Горбун тотчас куда-то исчез, а поп, вихрем кружась по горнице, шептал, подняв руку выше головы:

– Вы очень виноваты, очень! Но – у меня к вам лежит сердце. Ведь чтобы бить человека – о, я понимаю! – надо до этого страшно мучить себя – да? Ведь это – так, да?

– Разыгрался я, пёс! – покаянно бормотал Кожемякин.

Он готов был просить прощенья у всех, и у Максима; эта неожиданная забота о нём вызвала желание каяться и всячески купить, вымолить прощение; но поп, не слушая его восклицаний, дёргал его за руки и, блестя глазами, пламенно шептал:

– Настанет день, когда и судьи и осуждённые устыдятся…

– Я – на всё согласен! – обещал Кожемякин, а поп тащил его куда-то, таинственно доказывая:

– Злое нападает на нас ежедневно, отовсюду, доброе же приходит редко, в неведомый нам час, с неизвестной стороны…

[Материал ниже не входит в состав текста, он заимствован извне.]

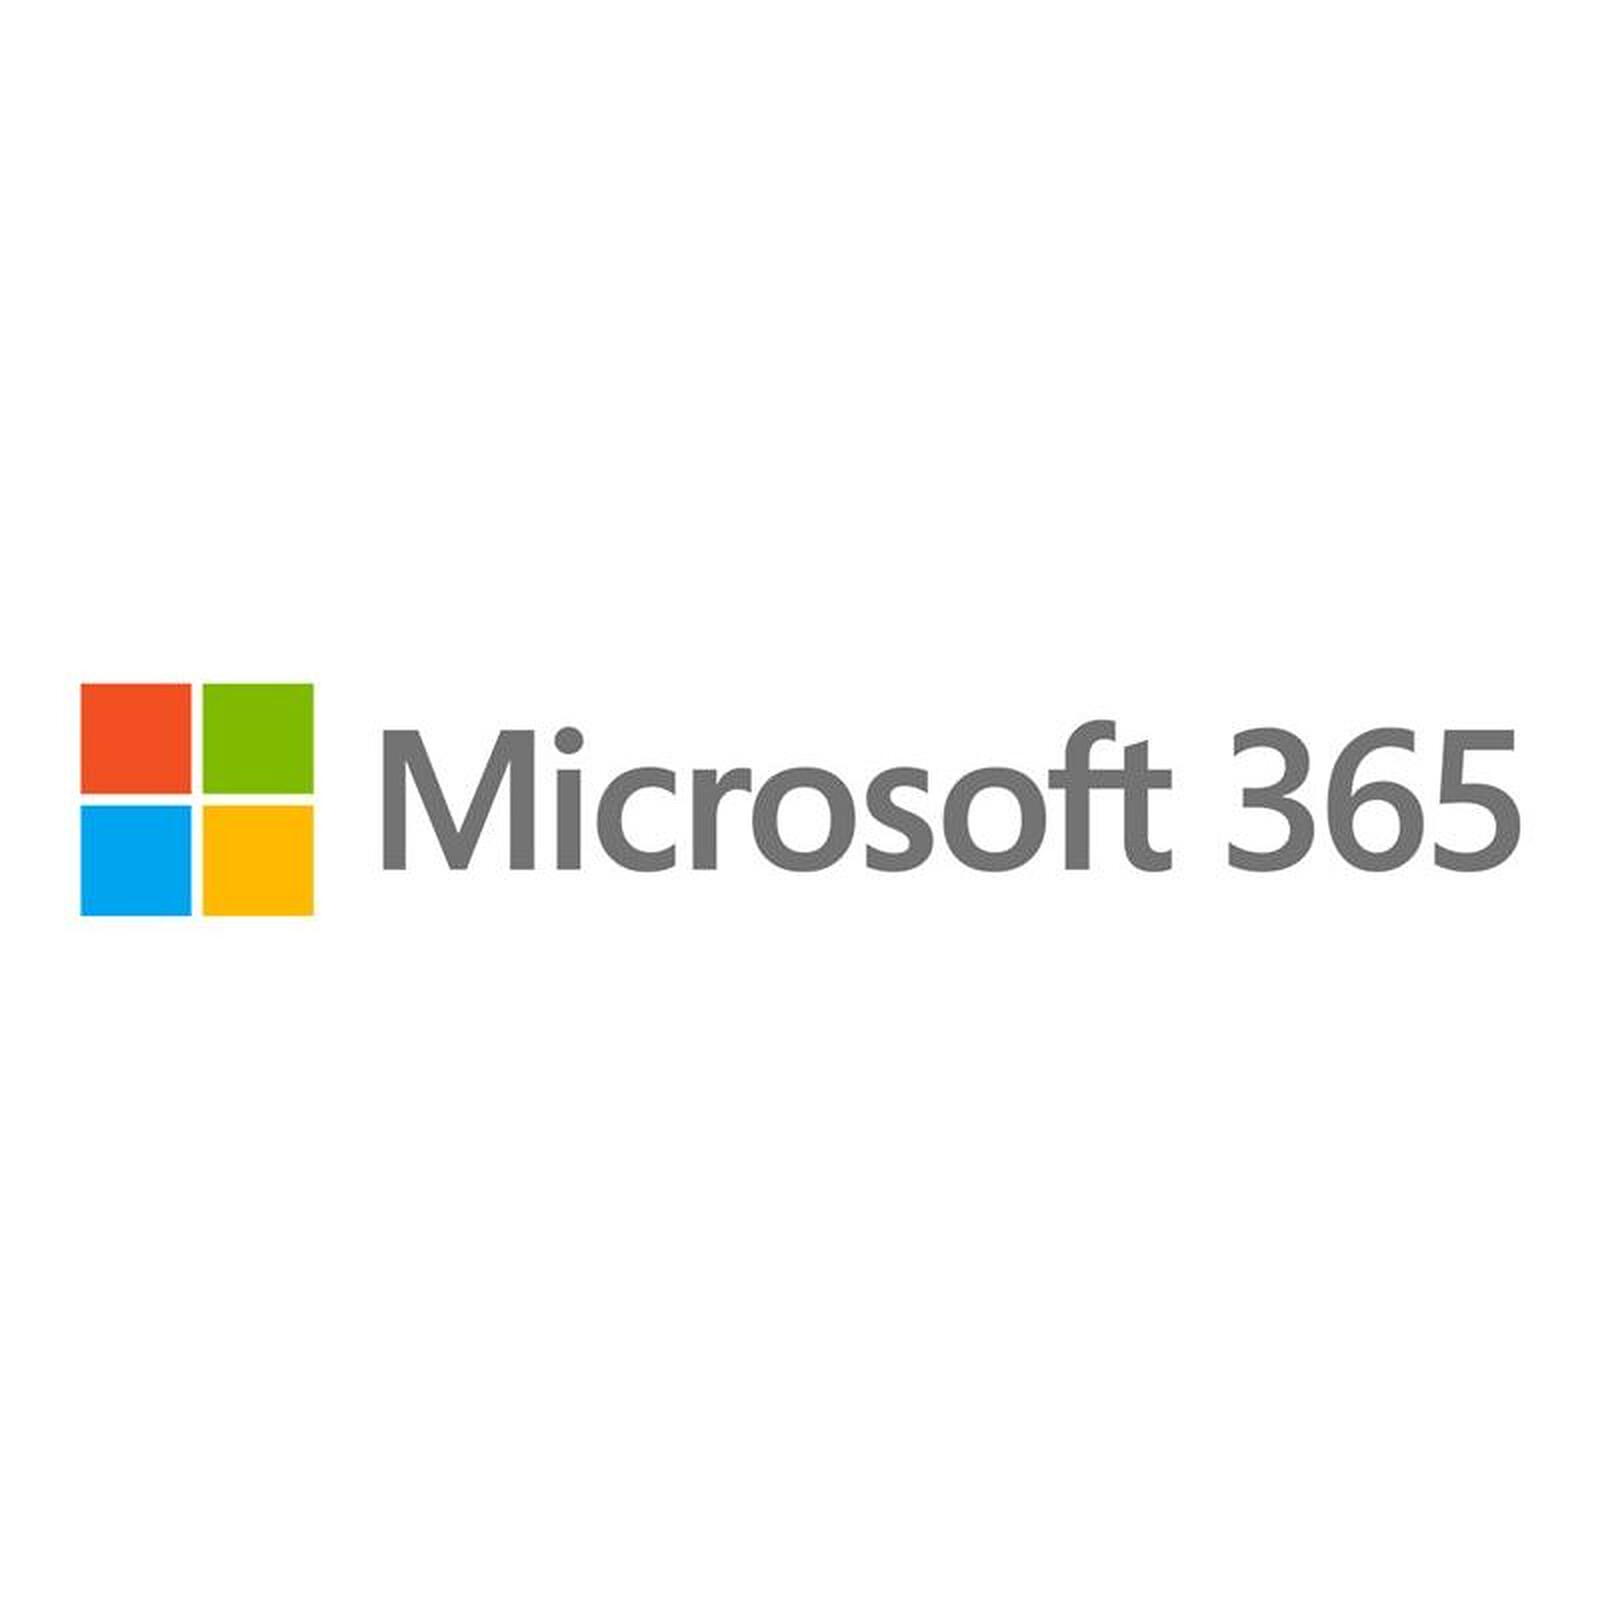 Fanático lino Extremo Microsoft 365 Personal - Programa de oficina Microsoft en LDLC |  ¡Musericordia!

– Верно! – всхлипывал Кожемякин.

– Посему – сердце наше всегда должно быть открыто, в ожидании добра…

– Довольно! – строго сказал горбун, разъединяя их.

– Пишите во всю широту души, ожидаю этого с величайшим нетерпением! – уговаривал поп, обнимая и целуя его горячими, сухими губами.

Явился Шакир и сказал:

– Лошад ест.

Кожемякин сел, оглядываясь: в окно неподвижно смотрели чёрные на сером небе, точно выкованные из тьмы деревья.

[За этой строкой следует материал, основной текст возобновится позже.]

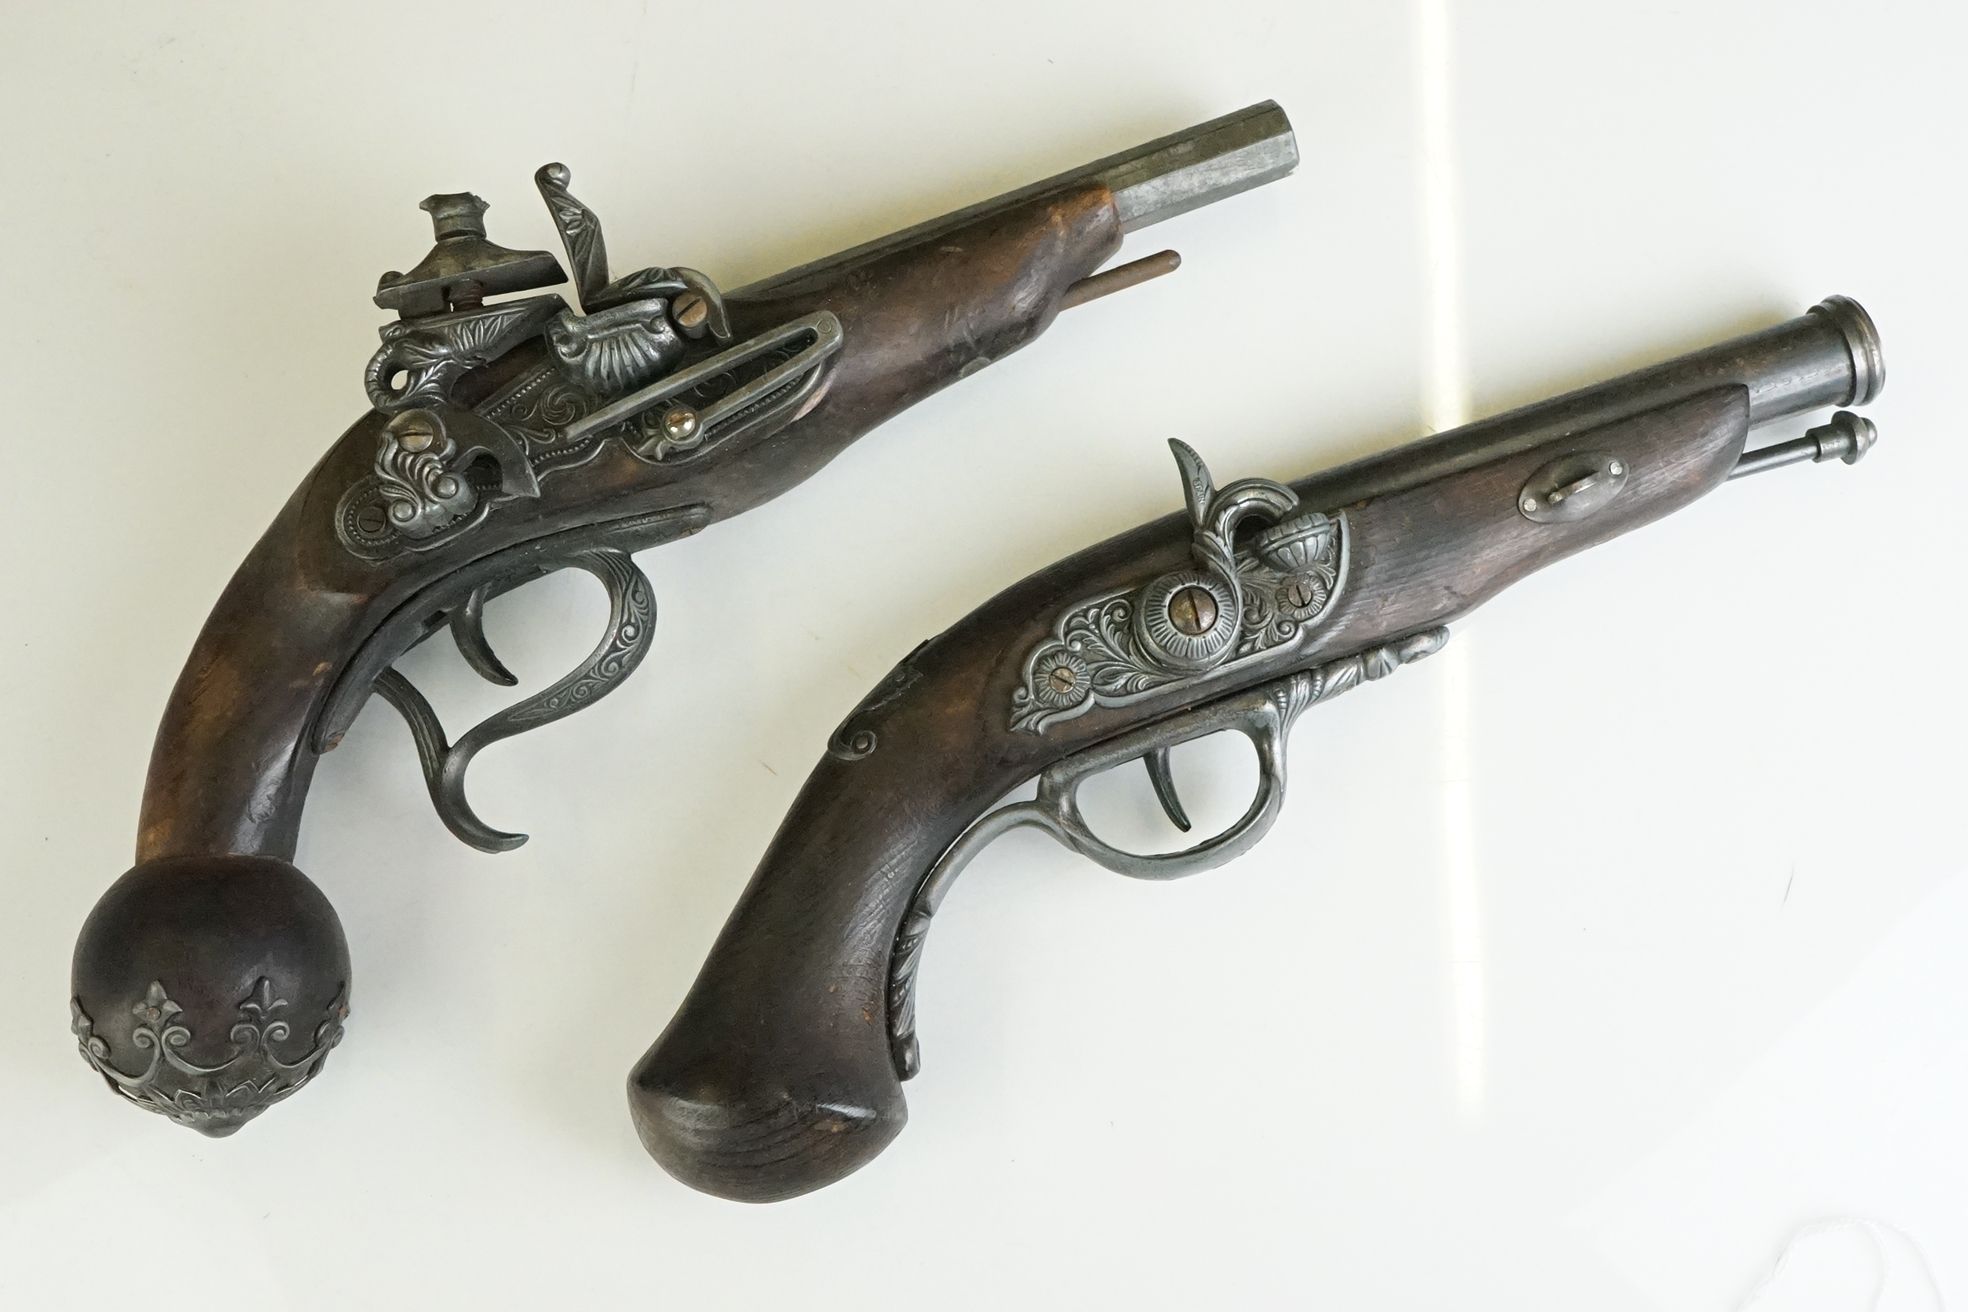 Pair of vintage replica flintlock pistols

– А вы – скорее! – сказал горбун сурово и громко. В двери, опираясь руками о косяки, стоял, точно распятый, Фока и улыбался тёмной, пьяной улыбкой.

– Когда воротишь? – спрашивал Шакир, вздыхая. Поп вцепился в Кожемякина и толкал его к двери.

– Всё пройдёт, всё!

– Да будет же вам, батюшка! – крикнул горбун.

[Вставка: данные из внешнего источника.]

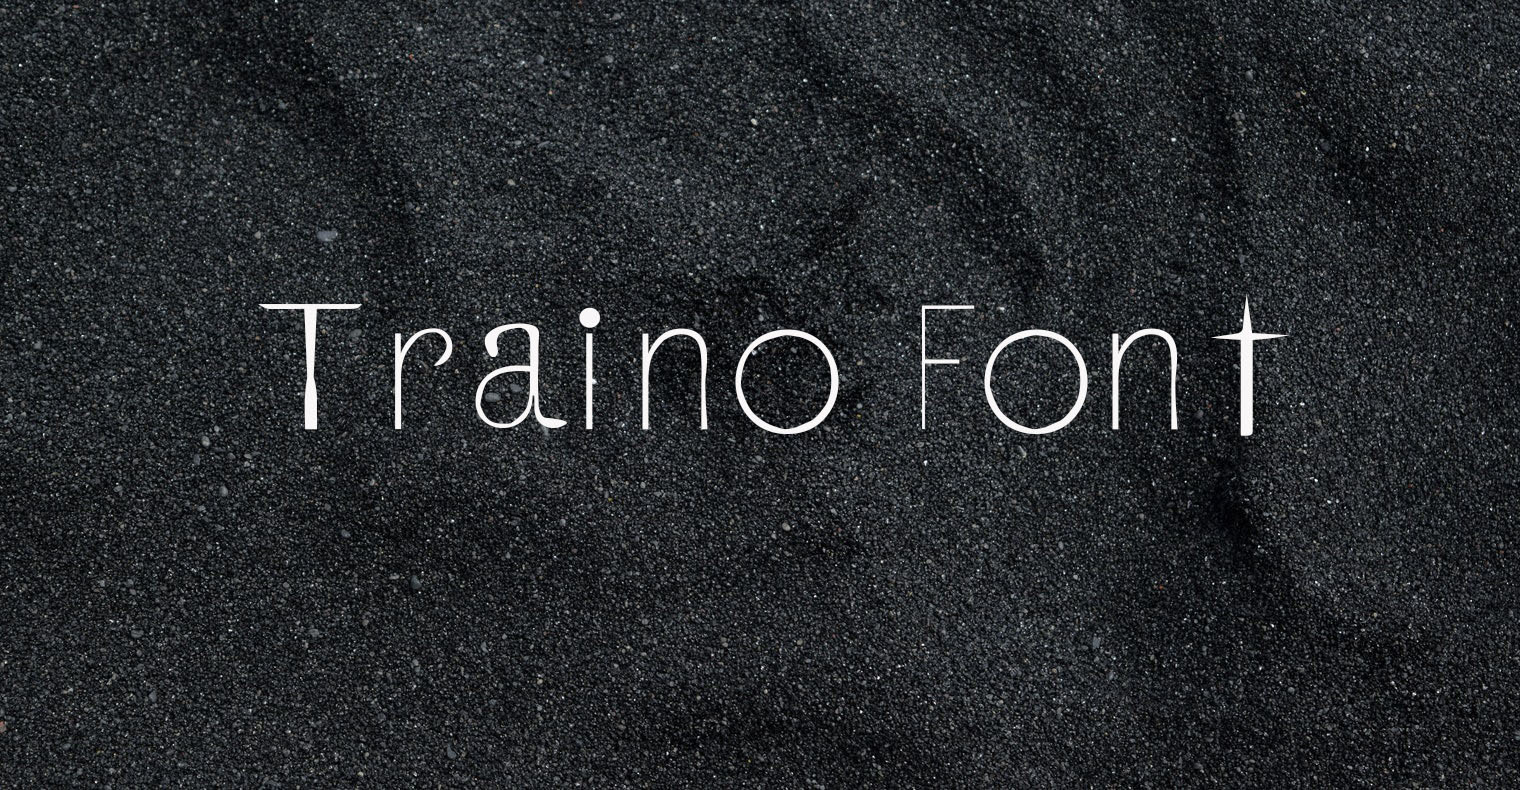 Traino Font

И все завертелись, заторопились, побежали, сталкиваясь, бормоча, мешая друг другу.

…Кожемякин пришёл в себя, когда его возок, запряжённый парою почтовых лошадей, выкатился за город.

Поднимаясь на угорье, лошади шли шагом, – он привстал, приподнял козырёк картуза: впереди, над горою, всходило солнце, облив берёзы красноватым золотом и ослепляя глаза; прищурившись, он оглянулся назад: городок Окуров развалился на земле, пёстрый, точно празднично наряженная баба, и удалялся, прятался в холмы, а они сжимались вокруг него, как пухлые, короткие Савкины пальцы, сплошь покрытые бурой шерстью, оттенённой светлым блеском реки Путаницы, точно ртутью налитой. Мешая свои краски, теряя формы, дома города сливались один с другим; розовела и серебрилась пыльная зелень садов, над нею курился дым, голубой и серый. Всё там медленно соединялось в разноцветное широкое пятно, будто чьи-то сильные руки невидимо опустились на город и лениво месят его, как тесто.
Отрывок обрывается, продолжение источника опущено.